• [GIVEN DATA]
_ _ _ _ _
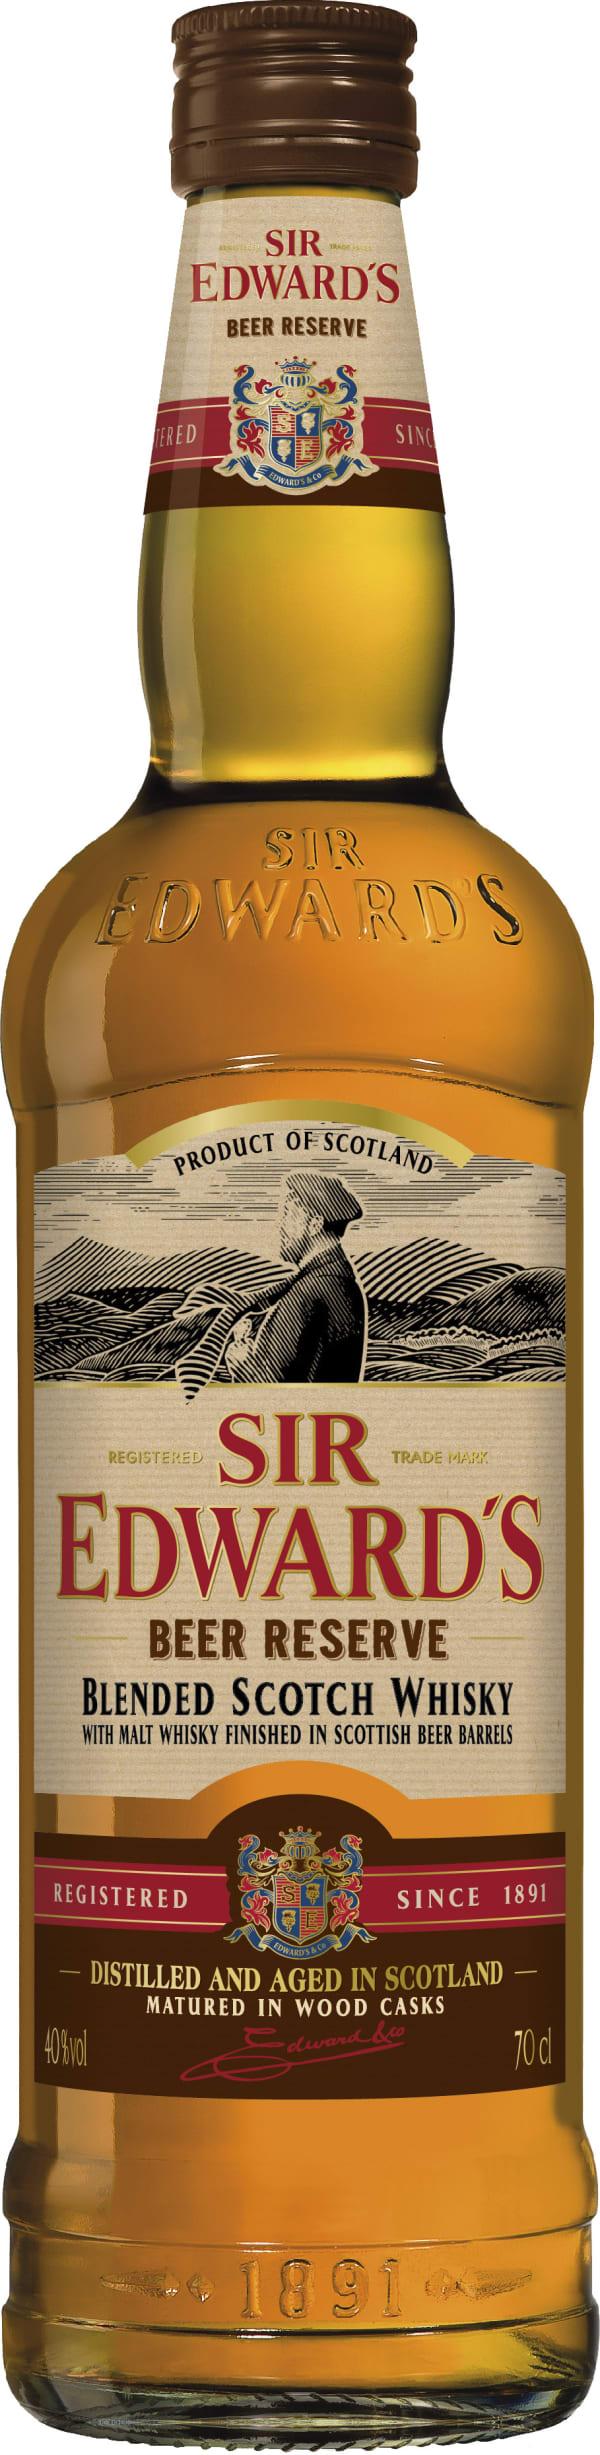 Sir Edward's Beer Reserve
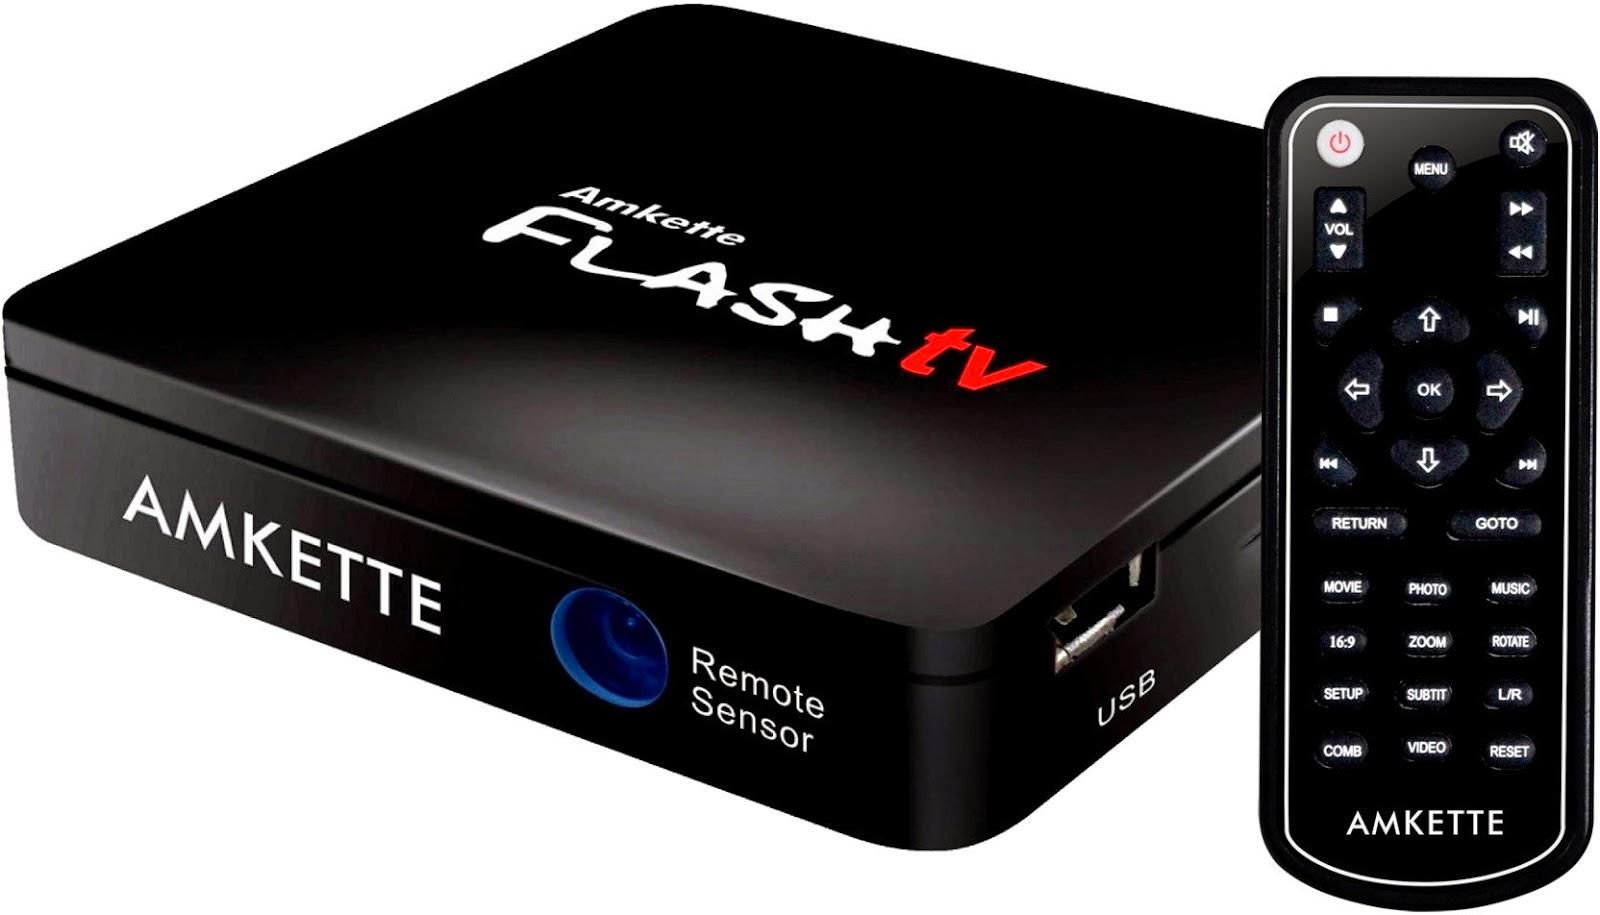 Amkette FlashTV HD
_ _ _ _ _
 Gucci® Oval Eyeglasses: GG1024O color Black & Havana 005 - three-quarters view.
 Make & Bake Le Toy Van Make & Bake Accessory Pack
_ _ _ _ _
• [TASK BRIEF] Only the lines above starting with the one with "Gucci® Oval Eyeglasses: GG1024O" and going through the one with "Make & Bake Le" are to be copied, word for word and with both ends kept.

• [RESPONSE TO THIS EXERCISE]
 Gucci® Oval Eyeglasses: GG1024O color Black & Havana 005 - three-quarters view.
 Make & Bake Le Toy Van Make & Bake Accessory Pack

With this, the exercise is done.